Boxing Day I came home, arms laden with heavy bags, and confess
to my husband that I have maxed out our cards.
“All of them?” The Man asks doubtfully.
“Yes. Even the
children's.”
“Good for you!” he grins and gives me a high five.
I confess, this is not the first time I’ve maxed out a library
card. And the library card of anyone
foolish enough to let me ‘hold on’ to theirs.
I carry four cards, one for each member of our household, excluding
felines. Each card has a limit of fifty
items, a limit I am still a slightly irked about.
A few years ago, we could take out up to ninety-nine items
on a card, but some bureaucratic joining up with other libraries and making
everything consistent bullshit happened (I’m not sure what the help desk lady
said, actually, when I demanded and explanation, I too busy being offended to
listen to the probably reasonable answer) and all I knew is that forces beyond
my control were tinkering with something I consider to be my personal bookland. It always irritates me when the powers that
be remind me that I am not the Grandmaster Library Overlord.

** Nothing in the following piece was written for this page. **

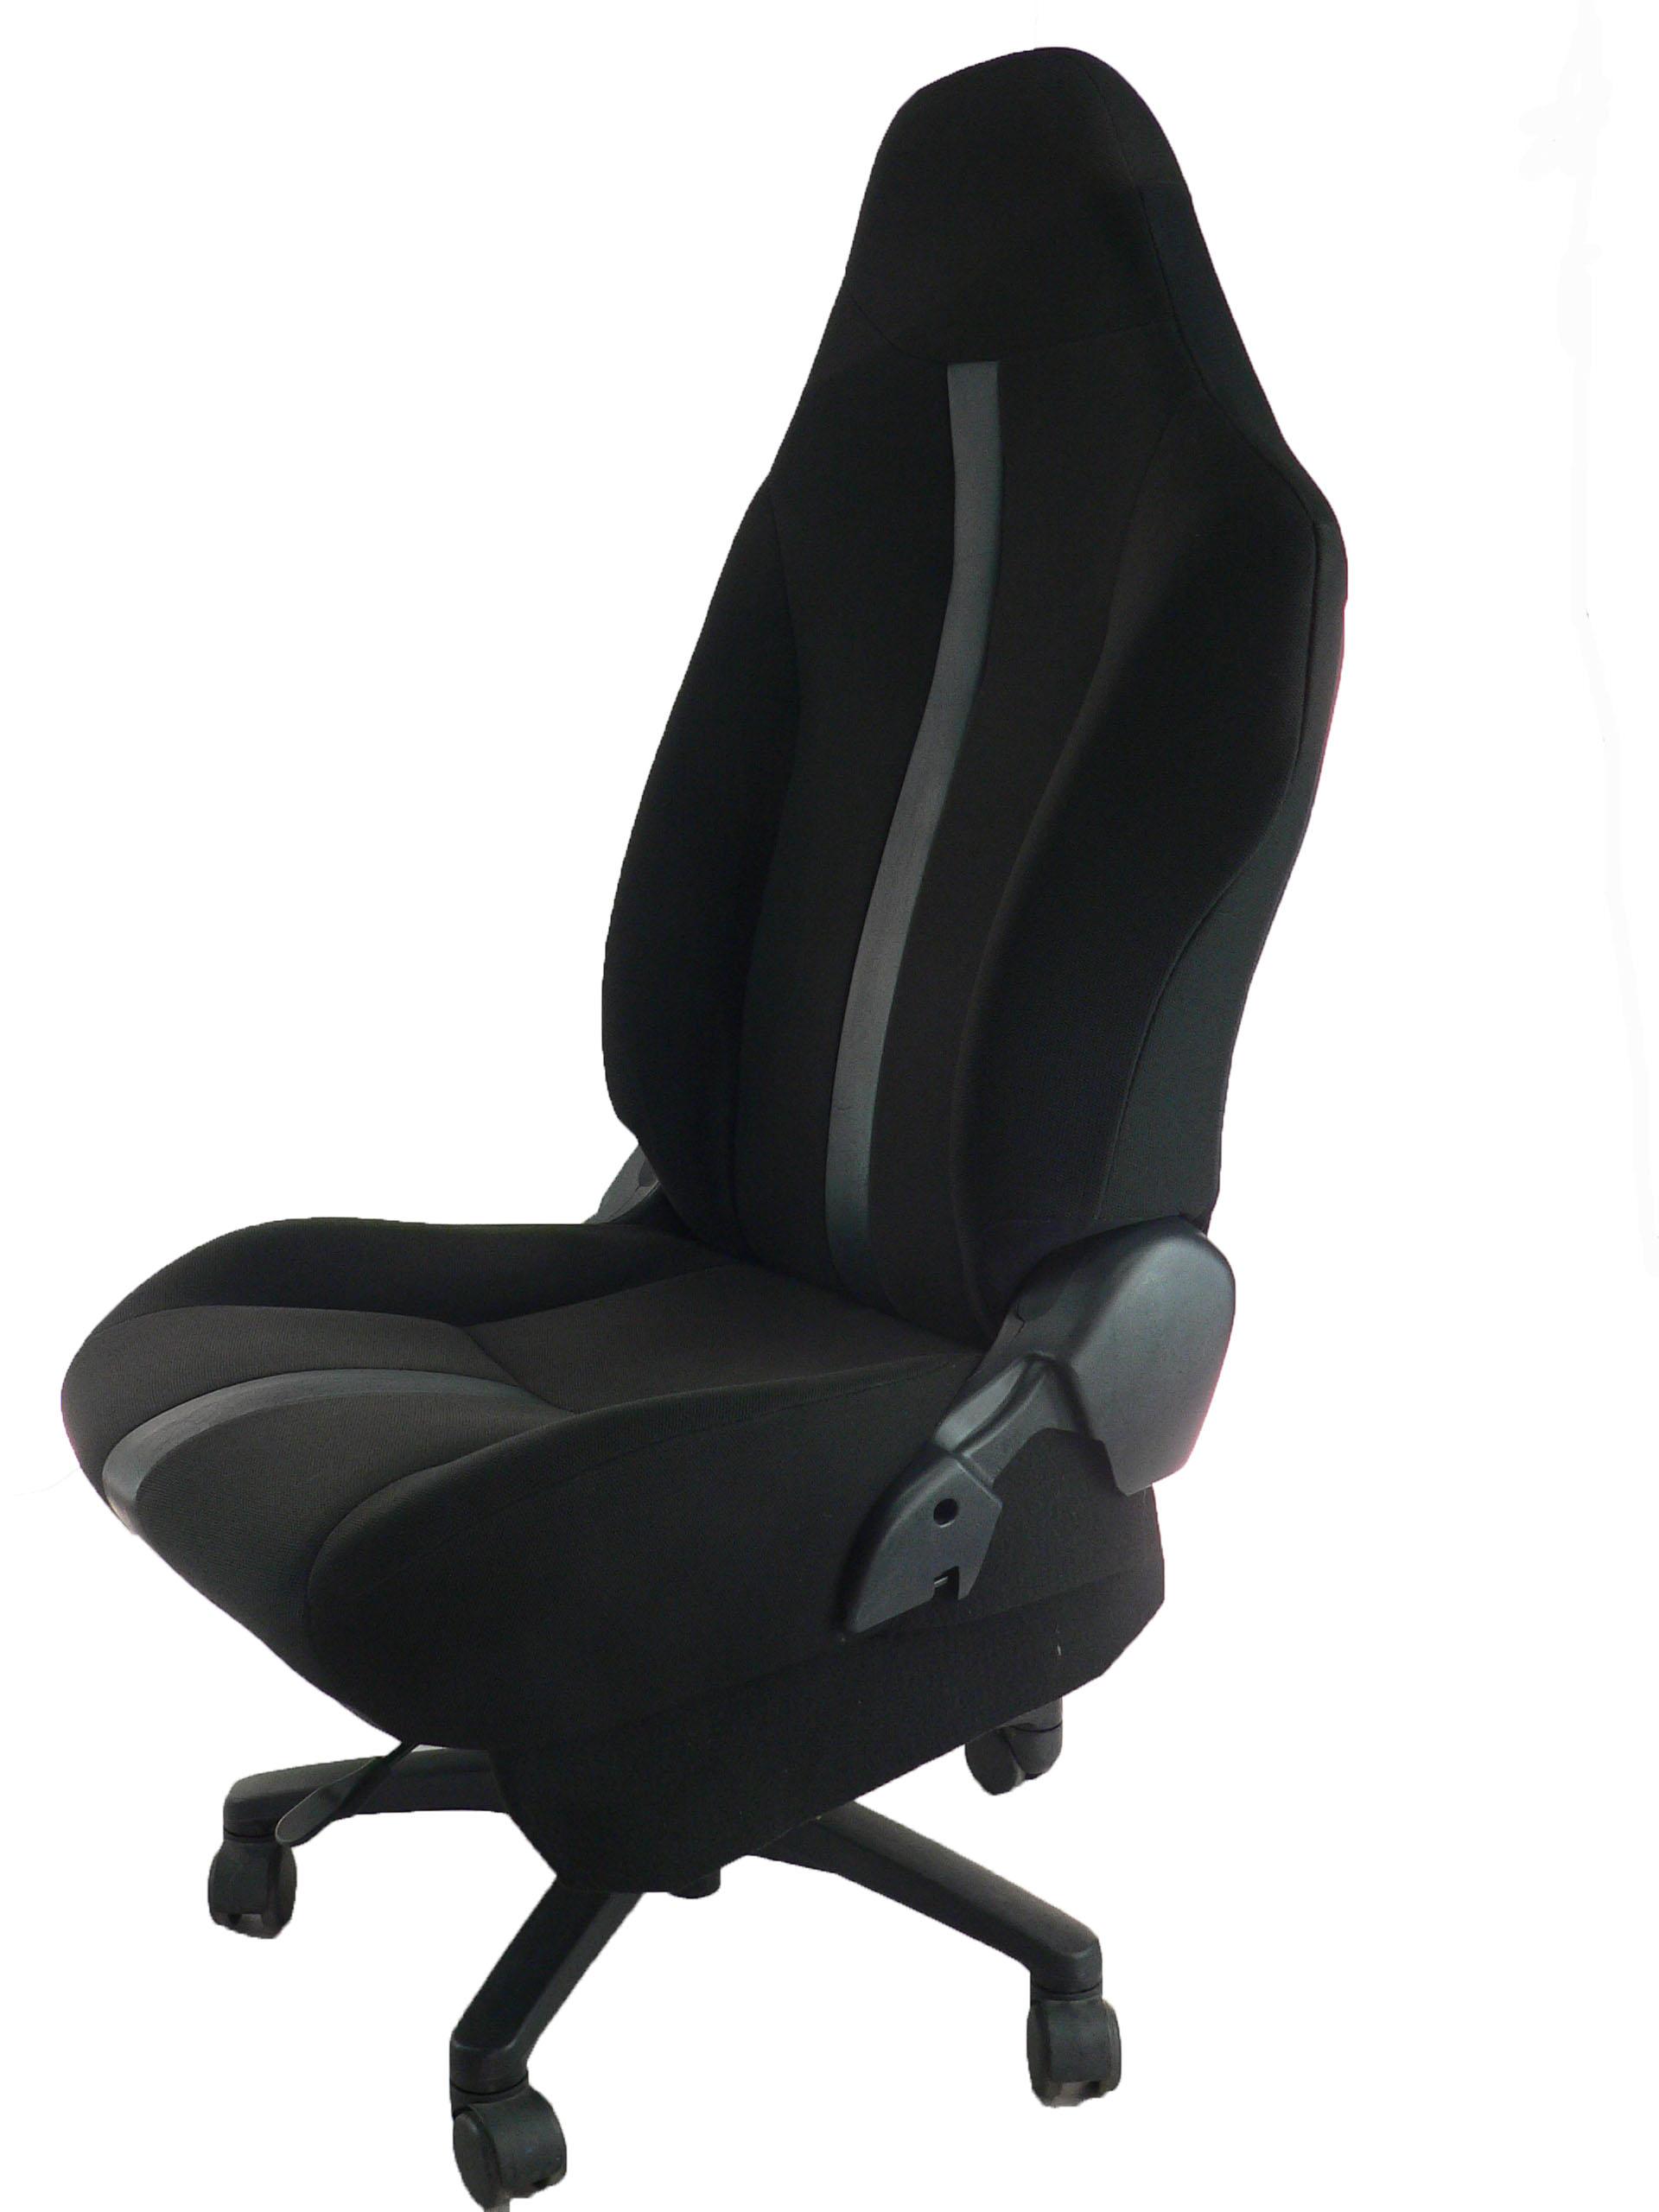 トヨタWILL VS ZZE127★自動車シートがリクライニングチェアー(デスクチェア)に、環境と健康に優しい椅子。

But even when the limit was ninety-nine, I still maxed out
the library cards regularly.
I am mostly not ashamed.
I suppose I had to think sort of feel a bit pathetic when I
was standing there with forty-three books at home and another fifty-six checked
out and put into bags, and one last book on the counter that I was trying to
convince the clerk to make an exception on.
Because book number one hundred seemed like the one I couldn’t actually
live without. All the while, overheated
two small children wrapped in full winter gear pulled on my arms, begging to
please be released from the steaming hot library. I did start to feel like I
might be overreaching slightly. Like my
eyes are bigger than my brain. A book
junkie? Could I have a problem?
No. The solution to
having to prostrate myself to indifferent (disdainful?) library clerks was to
make sure that I had my husband’s library card with me as well, and apply for a
card for each of my two small, overdressed children. Without photo id, the cats’ need for
paperbacks and books on tape was dismissed by the clerk. Also, nobody puts on their jackets and toques now until
after the check out.
I could probably talk for hours on why I feel that I need to
take home so many books at one time. But
who has hours to chit chat when there is so much reading to be done? I can just summarize by saying that an unread
book, no matter what genre or subject, looks like a kindred spirit. I just know that possibility, adventure, and the
most amazing thing I will ever learn and will probably make my life a thousand
times better is just inside those pages.
It’s what I imagine lotto players feel like when they buy tickets to the
next multi-million dollar draw. The
answer to all my problems! All the things that could be! That is the seduction of new (borrowed)
books.
And why wouldn’t I think that? Alright, I still have problems, but I have
read some incredible books that have changed by life for the better. I have read some real stinkers too, but they
never let down either. Badly written
books make me feel connected with a person I have never met. The author of a book that readers do not
like, or worst, feel indifferent too, is someone I can relate to. Don’t stress it author, I think. Lord knows I’ve
done some dumb shit too.
So, unlike the most players of the lottery, my hopeful
(temporary) three times a week acquisition of library books do not eventually
disappoint. As long as I make the effort
to open the cover, the book works. Not
like Wi-Fi or furnaces or children, the books keep trucking along, delivering
their wares as more or less promised on the sleeve or back cover. The only thing that bums me out about a book
is when there is no author photo. I
really like to know who wrote that particular stinker.